SOURCE DATA:
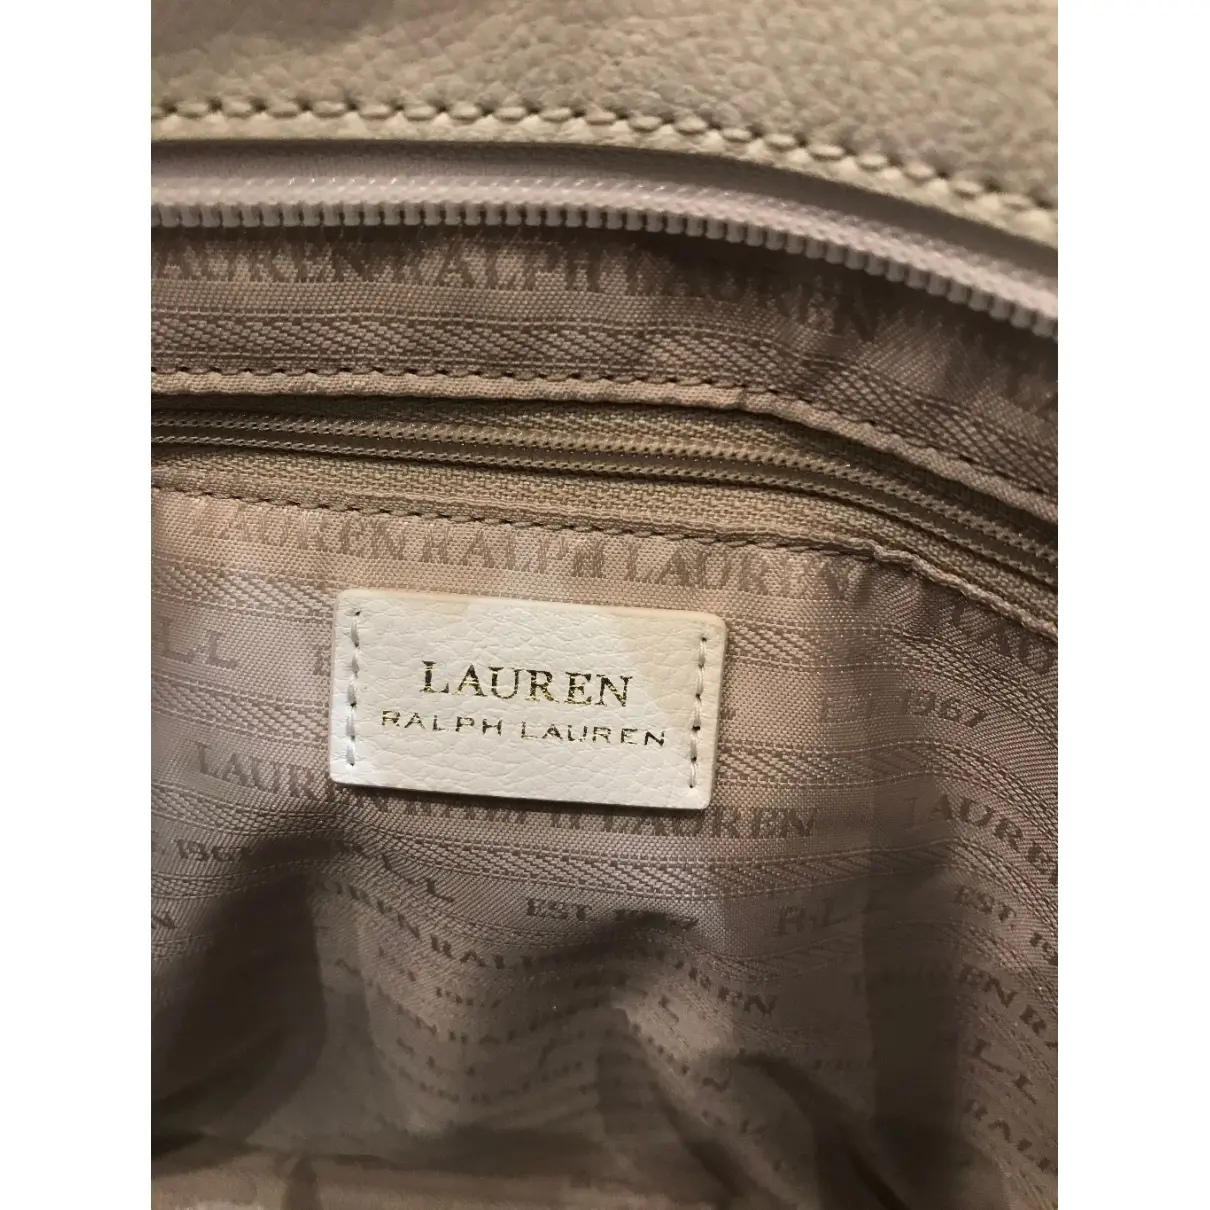 Buy Lauren Ralph Lauren Leather tote online
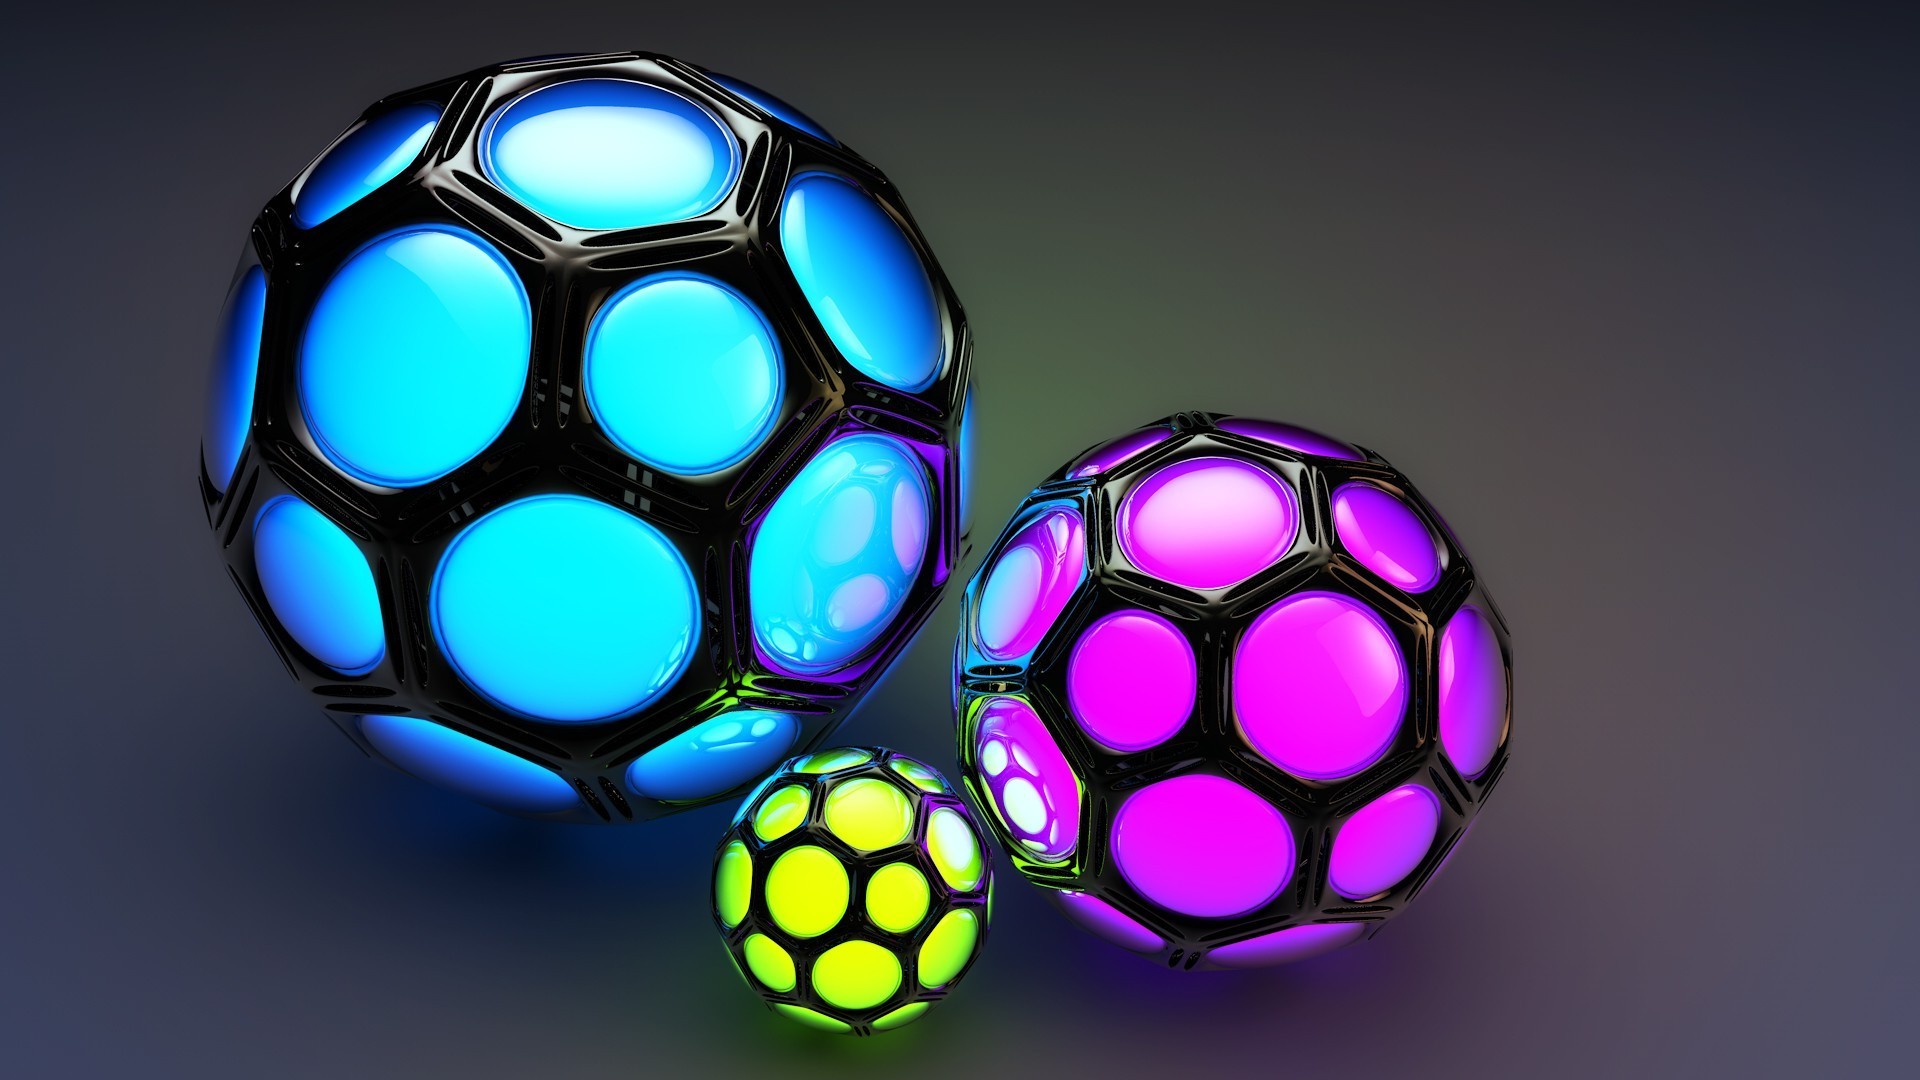 3 d balls. 3д обои. 3д обои на рабочий стол. Цветные мячики. Яркие обои 3d.
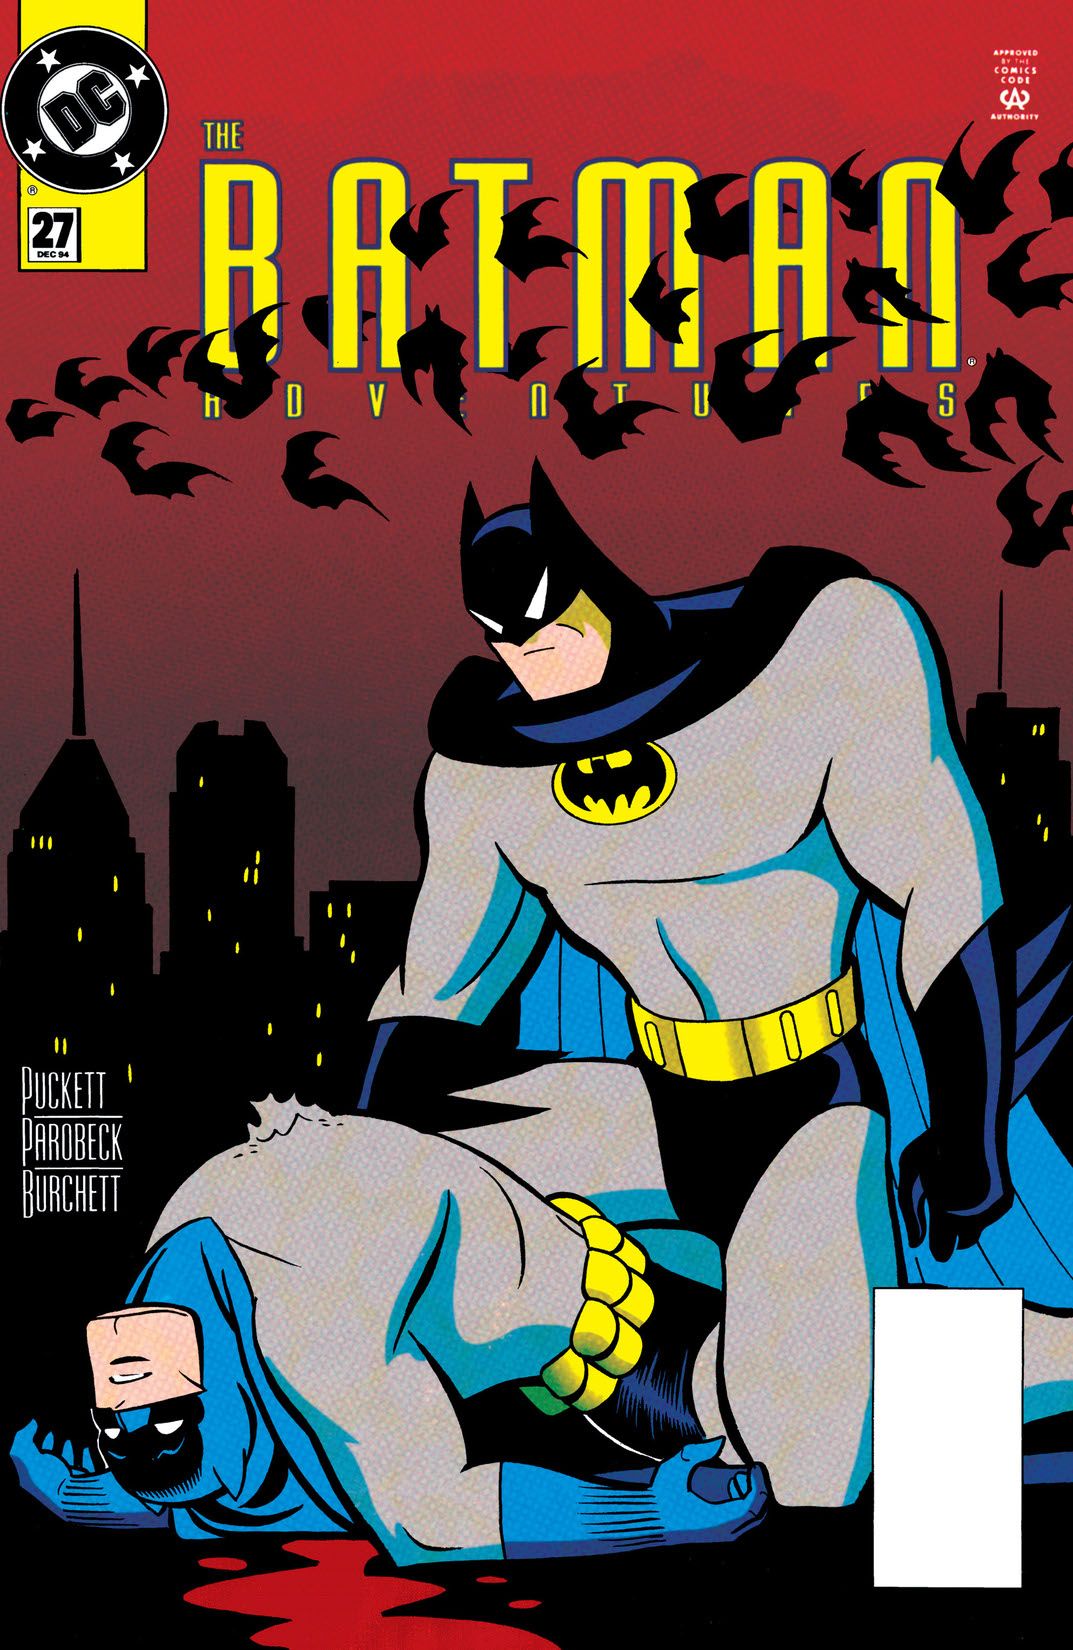 The Batman Adventures #27 preview images

TASK DETAILS: All lines from the one holding "3 d balls. 3д" to the end of the listing above need to be duplicated exactly. None of the pictures should be included.

YOUR SOLUTION:
 3 d balls. 3д обои. 3д обои на рабочий стол. Цветные мячики. Яркие обои 3d.
 The Batman Adventures #27 preview images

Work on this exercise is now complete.